Bocah itu menatap si penanya dengan mimik yang sukar dijelaskan—menghela nafas, bocah itu terdiam. Mempertimbangkan jawaban seperti apa yang harus dia ungkapkan pada gadis pemilik permata hitam legam di sampingnya. Haruskah dia mengungkapkan kebenaran yang selama ini selalu berusaha ditutupinya dari orang lain? Bocah itu melamun. Jika dia mengungkapkan yang sejujurnya pada Hasegawa, apa reaksi yang akan diterimanya? Belas kasihan, kah? Dia benci itu. "Aku...," kata-katanya terputus. Dia masih bergumul dengan perasaannya. Sesungguhnya dia ingin paling tidak ada satu orang yang tahu keadaannya di tempat asing ini namun dia juga tak ingin diperlakukan secara khusus karena kelemahannya itu. Rasanya tidak nyaman. "Aku ingin, sih. Tapi..." Kembali terputus. Bocah itu kembali menatap gadis di hadapannya—menatap matanya dalam-dalam. Bisakah dia mempercayai gadis ini? "Aku tak bisa. Ingin, tapi tak bisa," akhirnya hanya kata-kata tersebut yang terlontar dari bibir tipisnya yang perlahan mulai kehilangan warnanya. Terlukis segaris senyum miris yang sarat akan kekecewaan di wajahnya.

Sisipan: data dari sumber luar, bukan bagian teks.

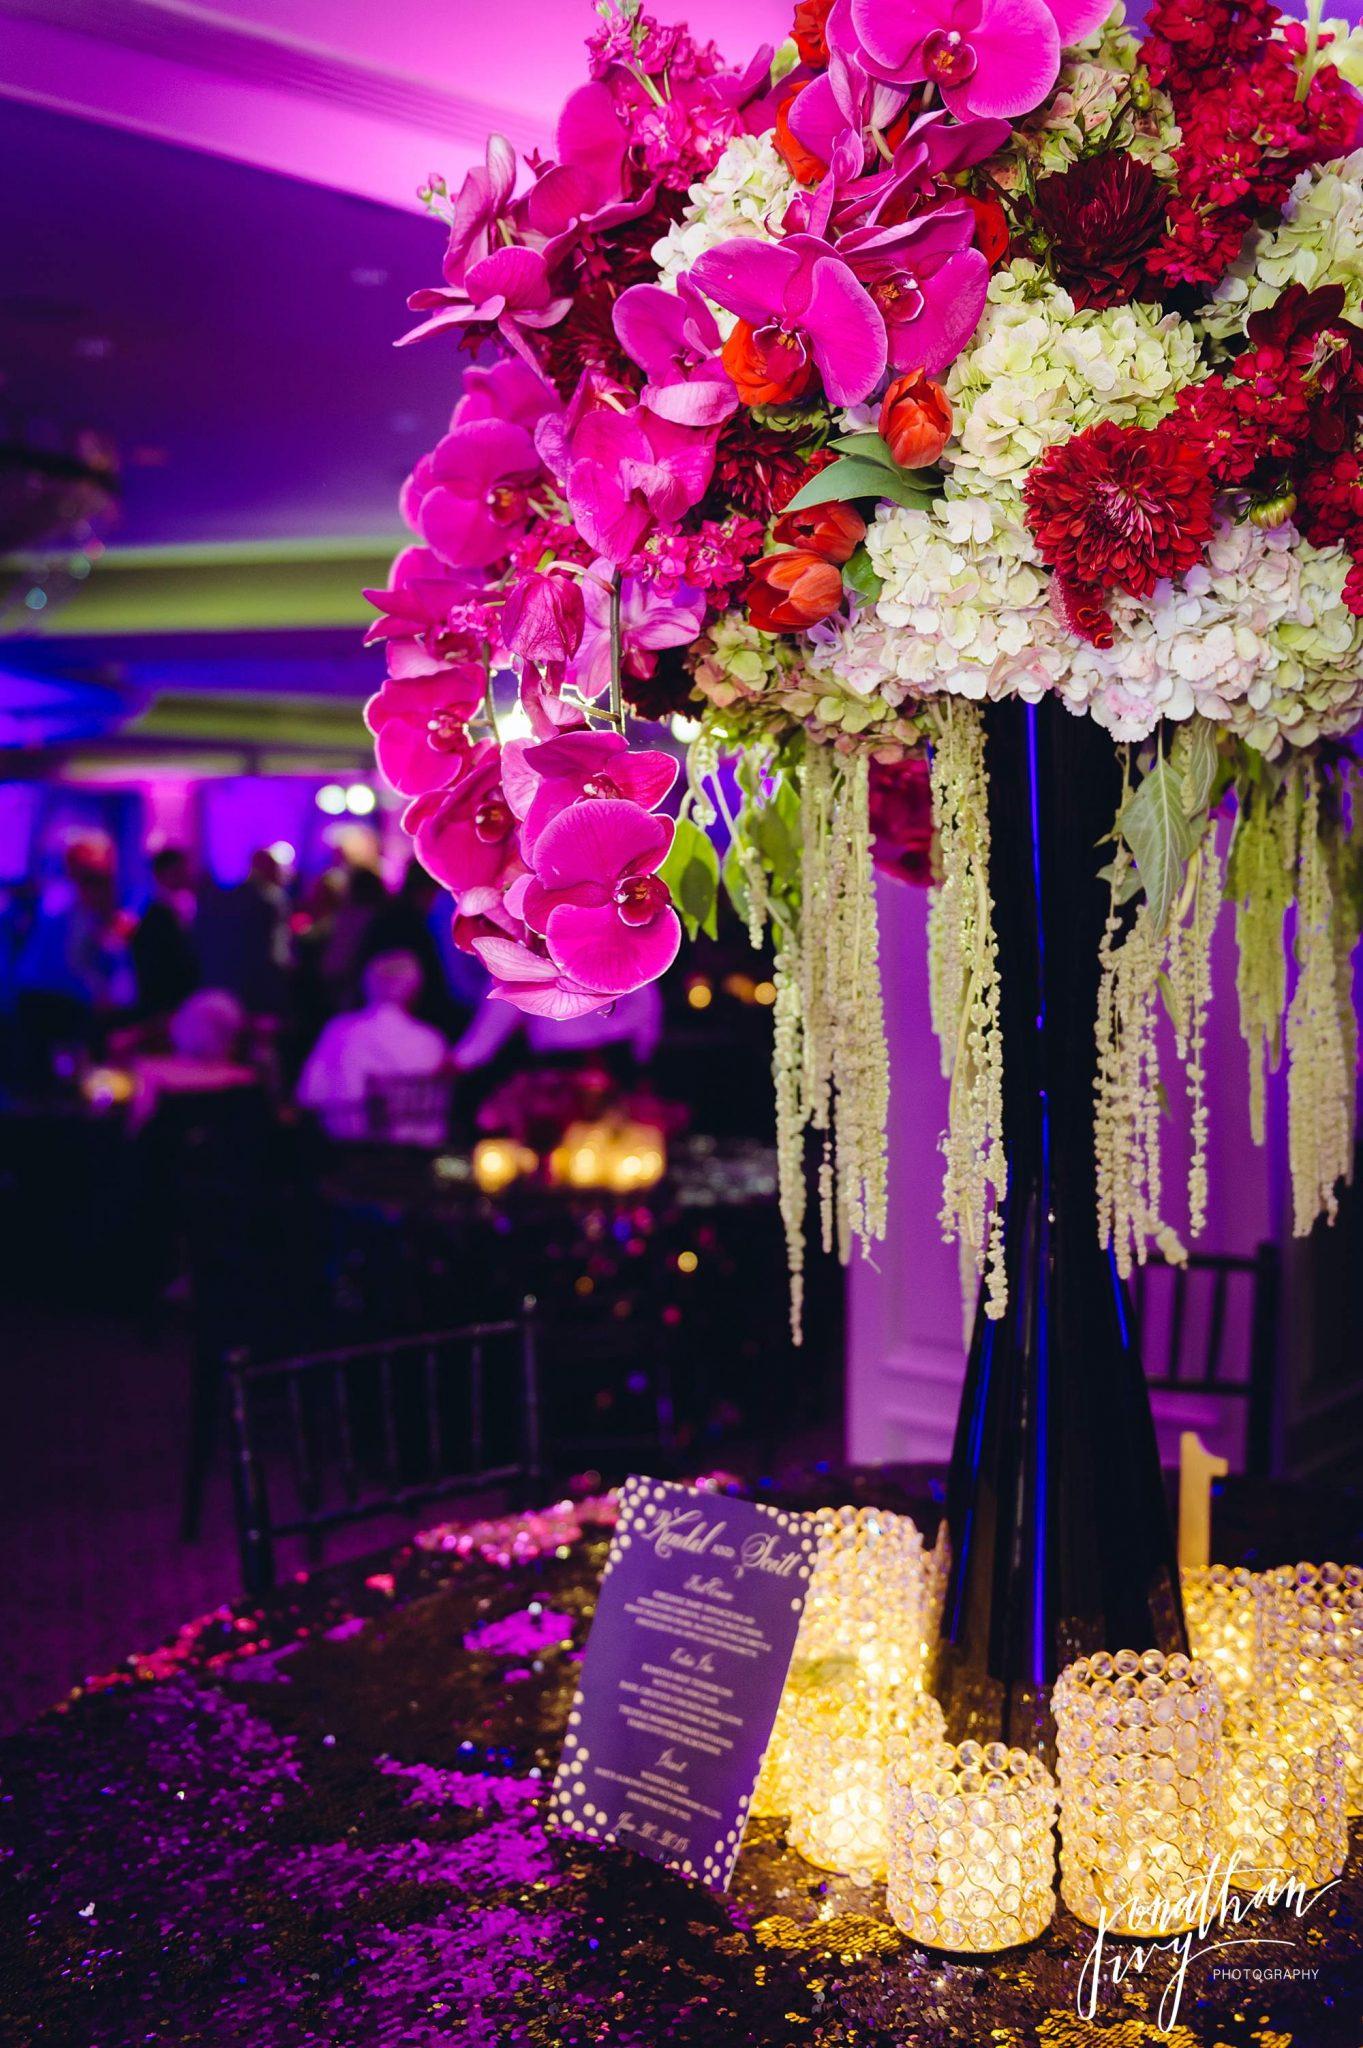 Hotel-Zaza-Houston-Wedding-Reception-0052.jpg
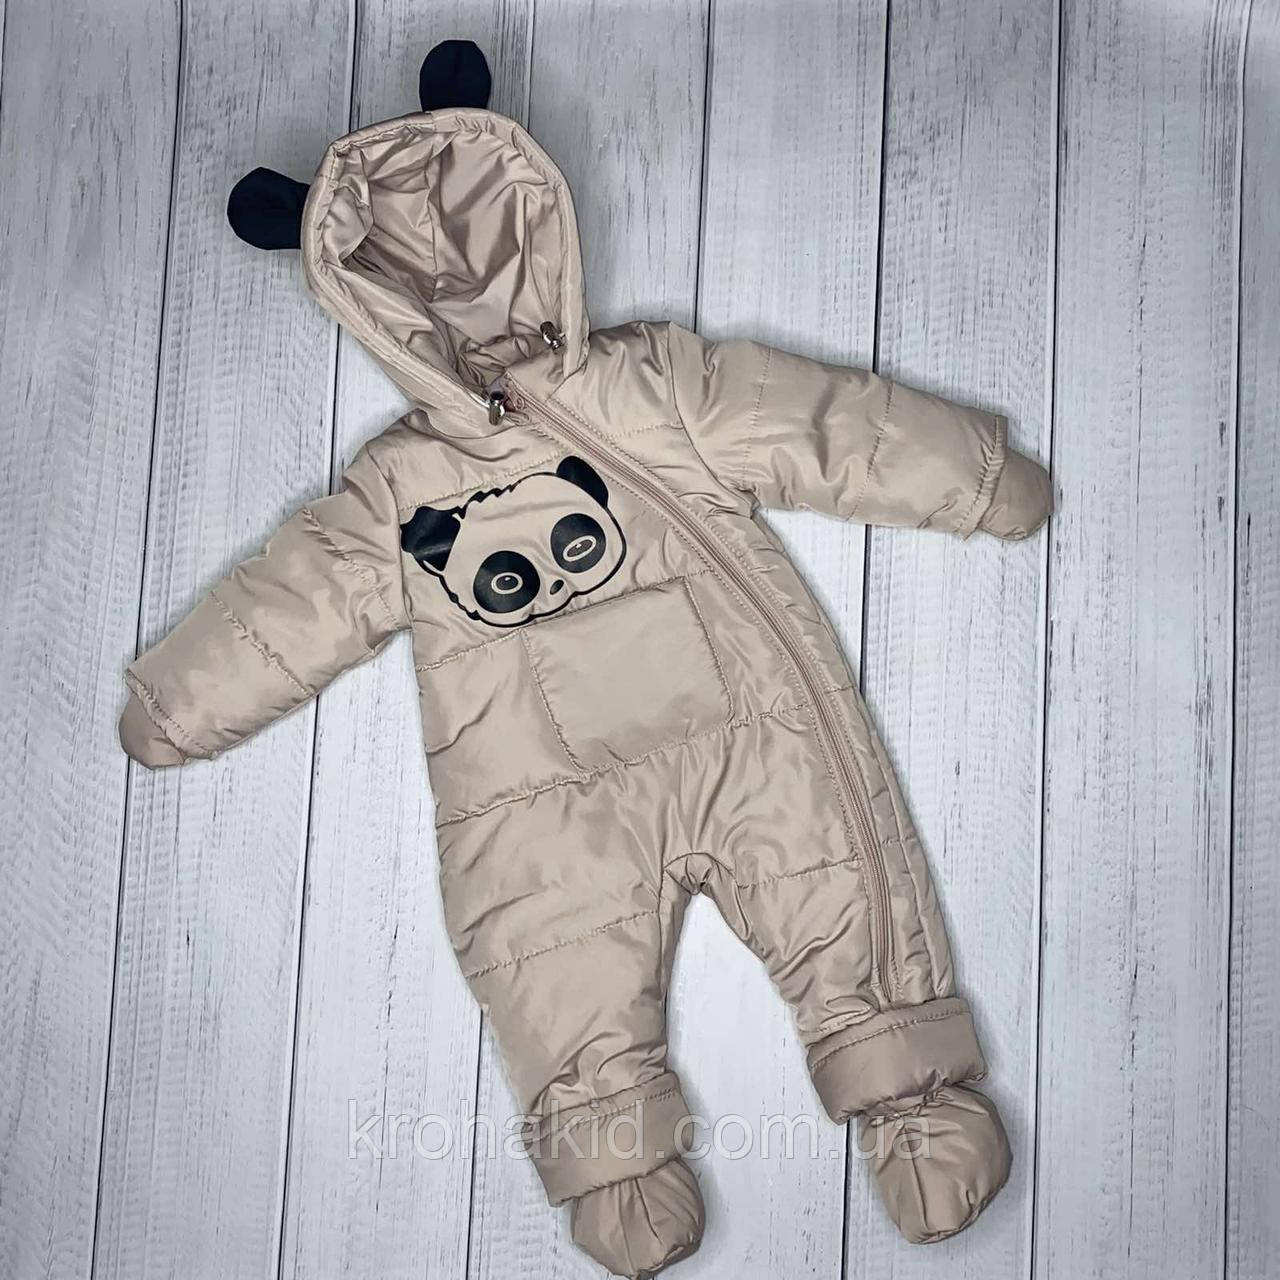 """Детский демисезонный  комбинезон """"Панда"""" 74 размера - осенне-весенний комбинезон для деток от 6 до 12 мес"""

Jika gadis itu masih bertanya kenapa—

maka

—aku akan jelaskan yang sesungguhnya.



*****

Bodoh, entah apa yang membuatnya terbuai dan nyaris dengan mudahnya membongkar kelemahannya yang bertahun-tahun ini berupaya dia sembunyikan dari teman-temannya. Suasana remang-remang dengan kilau cahaya warna-warni dari kembang api itu, kah? Membawa nuansa romantis hadir dalam relung hatinya yang masih terluka karena Nagisa. Bocah itu menengadahkan kepalanya menyaksikan kembang api satu persatu meledak di langit mengeluarkan keindahan yang mengalahkan bintang-bintang. Tangan kirinya meremas dada kirinya yang berdenyut semakin kencang. Berharap hal itu bisa mengurangi sakitnya.

Semoga saja gadis itu tidak bertanya lebih jauh.

Gadis itu hanya diam dan melanjutkan kegiatannya, terus menggambar dengan pensil di tangannya. Membuat goresan-goresan halus membentuk rambut dari orang-orang yang sedang dilukisnya—begitu detail. Bocah itu menyandarkan kepalanya pada batang pohon sakura dan memejamkan mata. Tak ingin mengganggu pekerjaan gadis di sampingnya itu. Mungkin sebaiknya dia segera kembali ke penginapan, jantungnya sudah berdenyut tak karuan, pandangannya pun mulai buram. Ah, dia lupa meminum obatnya hari ini. Yeah, euforia seringkali membuat orang lupa akan rutinitas mereka.

"Sebaiknya saya kembali ke penginapan saja, Matsushima-san." Hasegawa membereskan peralatan menggambarnya. "Oyasumi..."

Bocah itu membuka matanya perlahan dan mengangguk pelan pada gadis itu, "Aku juga hendak kembali kesana. Sama-sama saja." Kemudian dia berusaha bangkit berdiri sambil berpegangan pada batang pohon yang kokoh. Nyuut— Jantungnya kembali memprotes—bocah itu mengernyit dan terdiam agak lama. Saat dia membuka matanya kembali, Hasegawa sudah tak ada disana. Ya, sudahlah. Bocah itu dengan sedikit terhuyung melangkah kembali ke penginapan. Besok, ya, besok dia akan kembali menjadi Naoto Matsushima yang biasanya.